By Trinity HPublished 3 months ago 7 min read
1

Her breathing was broken, wet; like she was drowning in front of me.

“Can I tell you a secret? I found this locket with a rat.” What a fucking obscure thing to say while I’m holding a sword above your chest, I think. I watch as shaky hands move to her neck, untucking a necklace from underneath her armor. It’s shabby- A short gold chain with a too big emblem on the front. Pretty gaudy, in my opinion. How she hid it during the fight, I didn’t know. Whenever I wear jewelry, it always ends up halfway to choking me before I can get the killing blow. I guess she really is a professional. All I know is that her blood is getting all over the clasp, making it impossible to open.

It didn’t look like she was trying to open it, but my hand twitched at my side anyways. Maybe I wanted to help her, in these final moments. Maybe I wanted to kill her instead.

“He was the first companion I found, in some dungeon in a fishing town.” She was looking somewhere far away when she spoke, like watching a play over my shoulder. If I was a good person, I would kill her quickly. Anything would be better than this: watching her slowly bleed out under me, listening to her recount her life in what? A feeble attempt at letting her live? She would die here anyways.

She coughs and blood trickles down her lips. I am not a good person, and that’s gross.

Suddenly, and without warning, her eyes harden, and she looks at me- I can see her knuckles whiten against the locket. “I killed them.” Her voice is like steel, strong enough to pierce through whatever is holding me together. In this moment, I remember who I’m standing over, and all it took for me to get here. My grip tightens around my sword.

“They left him without food. The floor was covered in shit, and he’d obviously been sleeping in it. I didn’t know if they ever bothered to clean it out. They didn’t even leave him water. They domesticated him, and left him to rot, or only took him out when they needed him, or something in between the two. It didn’t matter.” She spit the last words. If I couldn’t see the wound on her chest and through her stomach, I wouldn’t think she was hurt at all. It was like the force of the world was moving through her, like whatever kept us all on the ground swayed with her anger, leaving everything around her to fall into the orbit of her fury. I could understand how she’d made it so far, how she got so many people to believe in her. Maybe if I was good, I would have believed in her too.

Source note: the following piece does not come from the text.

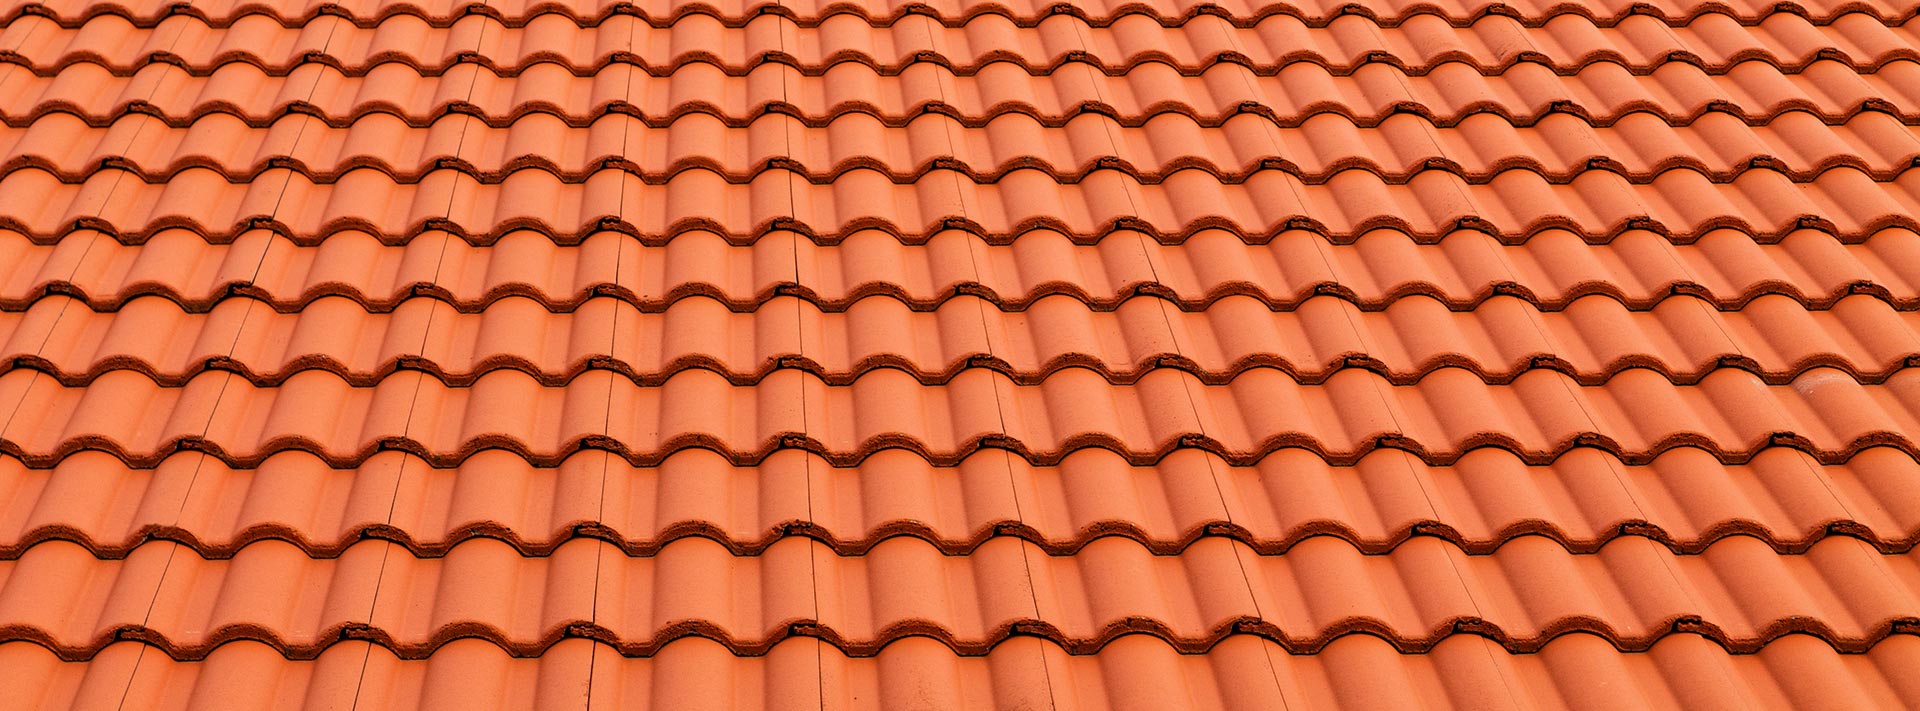 How To Keep Up Easily With Dealing With Your Roof

But I am not good, and I do not believe in her. I angle the sword so it’s resting above her heart, and I give myself one more minute. Whether she notices my change she doesn’t show, but I watch the fight drain out of her all the same. “Now,” she laughs, and it sounds like a babbling stream, “now I can’t remember the last time I saw him.”

She looks at me- she looks at me and I’m a taxidermy butterfly, pinned behind a glass case up for display. I didn’t win this fight. The realization is sudden and intense, like falling through a frozen pond. I have a gash across my torso, sluggishly bleeding enough to coat the inside of my armor. My leg is broken. My ribs are bruised. My shoulder is aching where it popped out earlier, not to mention the poison slowly working its way through my system. I probably have a concussion.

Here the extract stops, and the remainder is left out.